You’re probably thinking that I have lost my mind. You might be right. My obsession with Jerome has, in the last few years, taken me over. I have a mind that has been schooled in quantum physics and trained to think rationally, dissecting facts and ideas dispassionately. And here I am, not only celebrating a Renaissance astrologer, but talking as if we are contemporaries.
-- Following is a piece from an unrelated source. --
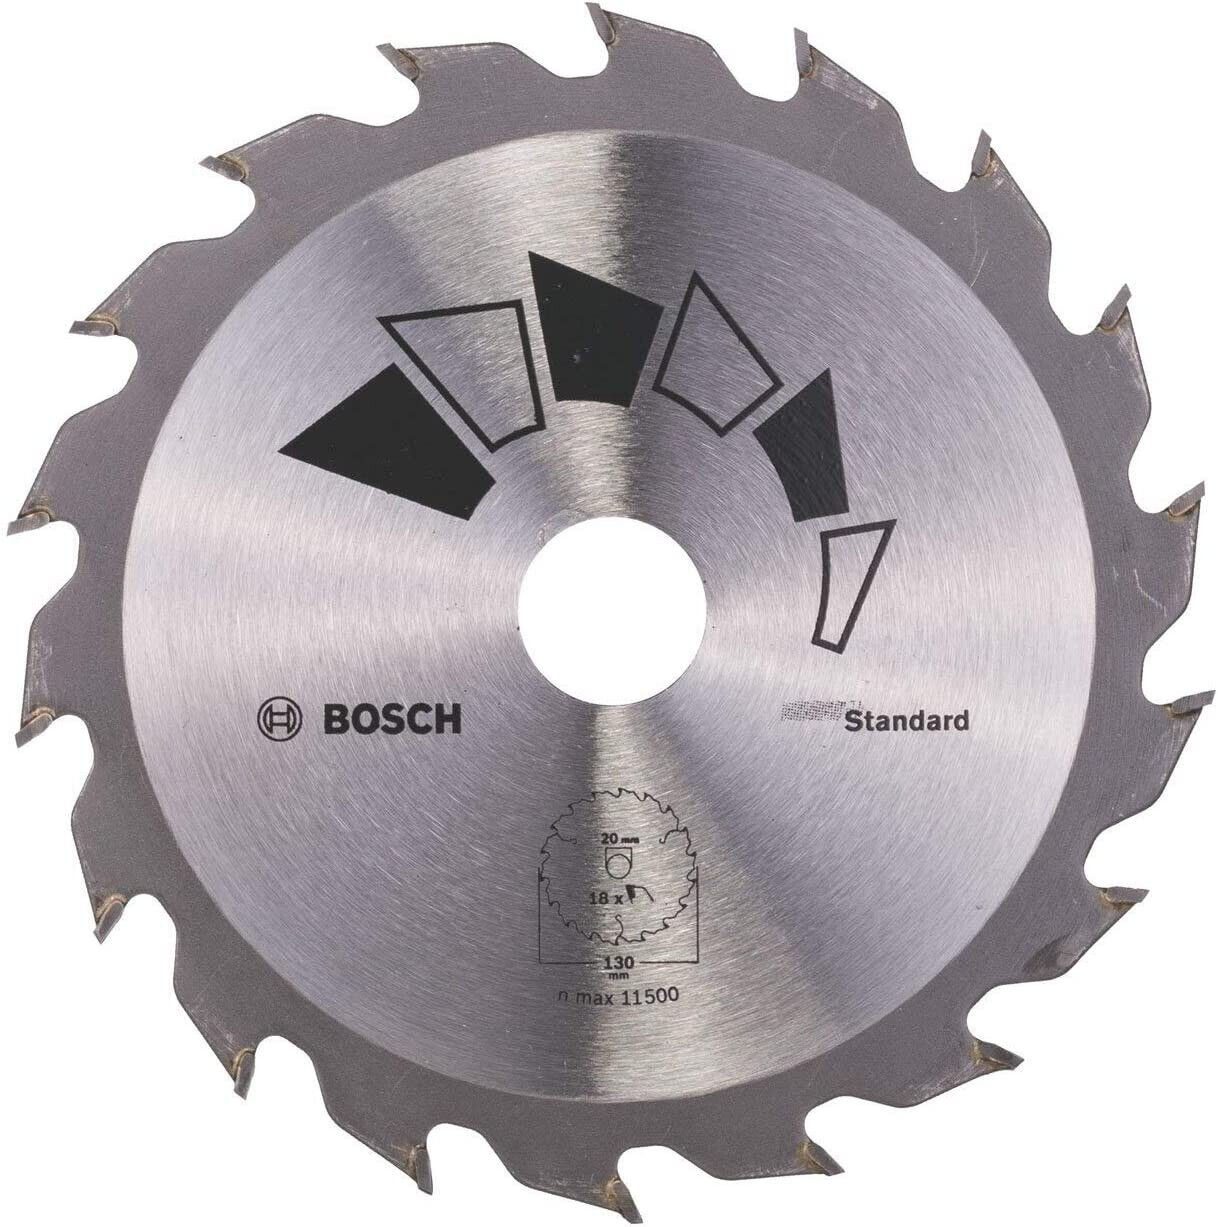 BOSCH Bohrfutter Bosch 2609256802 Kreissägeblatt Basic 130 x 2.2 x 20/16,Z18

To me, though, it makes sense. I talk to Jerome. He talks to me. These conversations take place in my head, true, but they are informed by his writings, and by things written about him. We are intellectual contemporaries. We are both rational, both seeking to understand the universe, both convinced that nobody has a good grasp of it yet. We both believe that space and time — time, in particular — are not what you and I have been raised to believe they are. So, yes, this book is not quite what you have come to expect from a science writer with my training and history. But I can’t help that. In my head I have visited Jerome in his prison cell. And maybe it is not just in my head. Within the books that Jerome wrote after his release I see unmistakable traces of my visits.

Perhaps you should walk away before I drag you into this madness.